Effective wound care goes far beyond just surface evaluation. This expert-led program explores advanced wound assessment strategies, including measurement techniques, drainage evaluation, and recognition of signs of infection. Tune in to hear from Ms. Kara Couch as she explores best practices for optimal wound care. Ms. Couch is a certified wound care nurse practitioner, the Director of Wound Care Services at George Washington University Hospital, and an Associate Research Professor of Surgery at the George Washington University.

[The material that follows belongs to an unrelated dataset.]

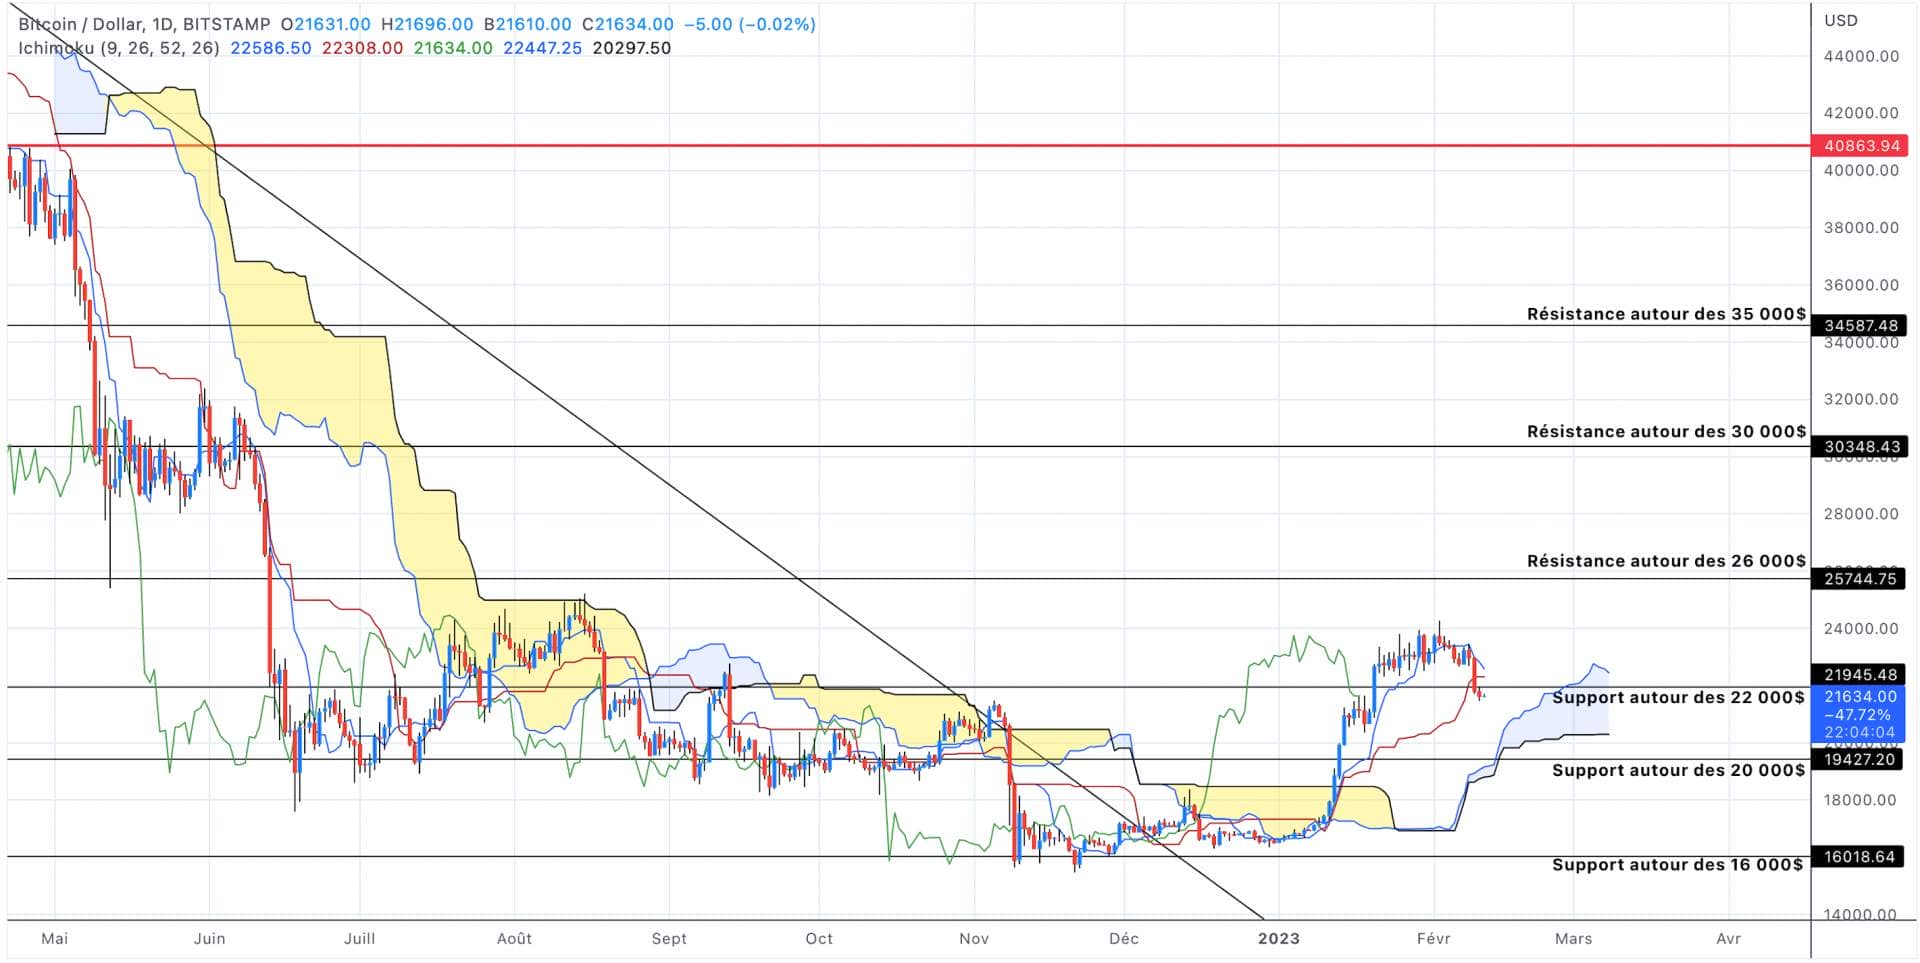 Bitcoin price analysis in daily units - February 11, 2023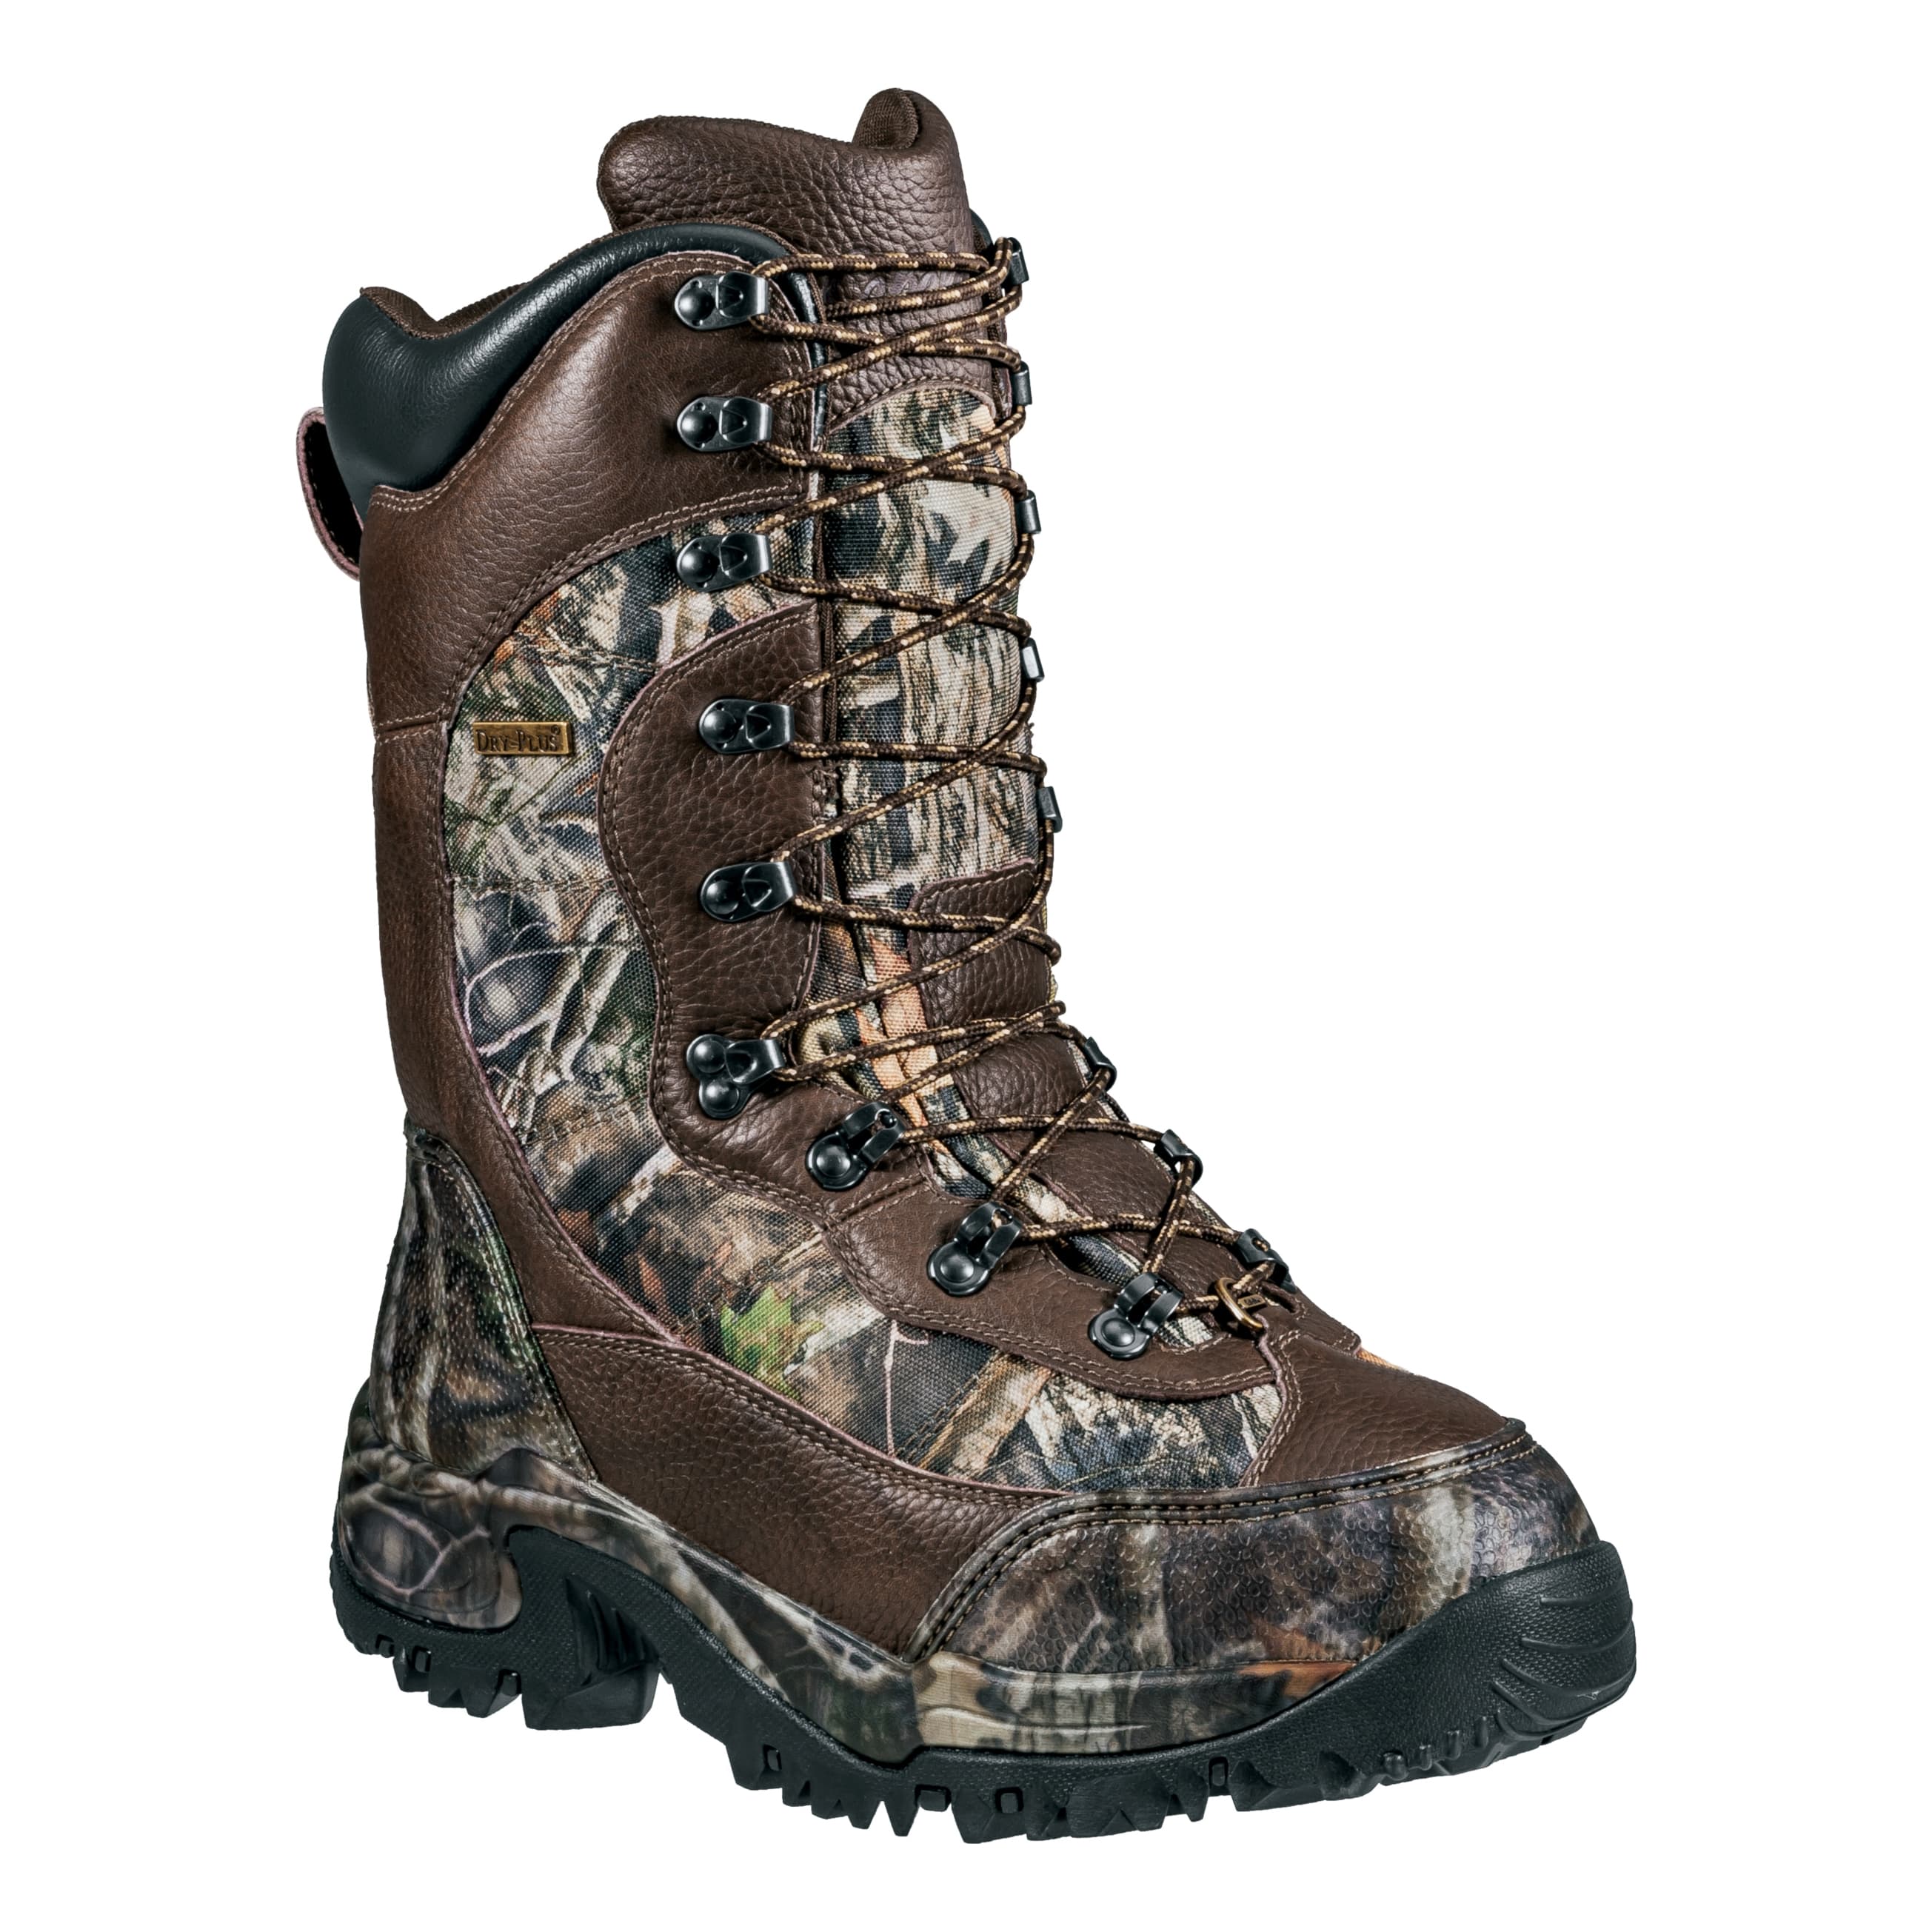 Cabela's Inferno 2000g Insulated Waterproof Hunting Boots for Men size ...

Beyond the Surface: Advanced Techniques in Wound Assessment and Care

Announcer:
Welcome to Spotlight on Wound Care on ReachMD. On this episode, we’ll hear from Ms. Kara Couch, who’s a certified nurse practitioner, the Director of Wound Care Services at George Washington University Hospital, and an Associate Research Professor of Surgery at the School of Medicine and Health Sciences at the George Washington University. She’ll be discussing best practices in managing complex and chronic post-surgical wounds. Here’s Ms. Couch now.
Ms. Couch:
Wound assessment is much more complicated than simply looking at it and taking a measurement. Obviously, you do want to explore the wound and get measurements of the longest part in length, the widest part in width, and the deepest part in depth and also to thoroughly explore the volume of the wound to ensure that there isn’t any sort of unexplored tunnel or issue around that. Now, you will have some additional factors that you can look into, such as if the surrounding tissue of the wound is red, hot, or swollen, if it’s painful to touch, and how much drainage you’re getting from the wound. The color of the drainage and the amount matters greatly. If it’s thicker or purulent, has a foul odor, or is a bad color, such as green—a terrible color, we never want to see that in a wound—that lets you know that you are dealing with a possible nasty infection that we really have to go after.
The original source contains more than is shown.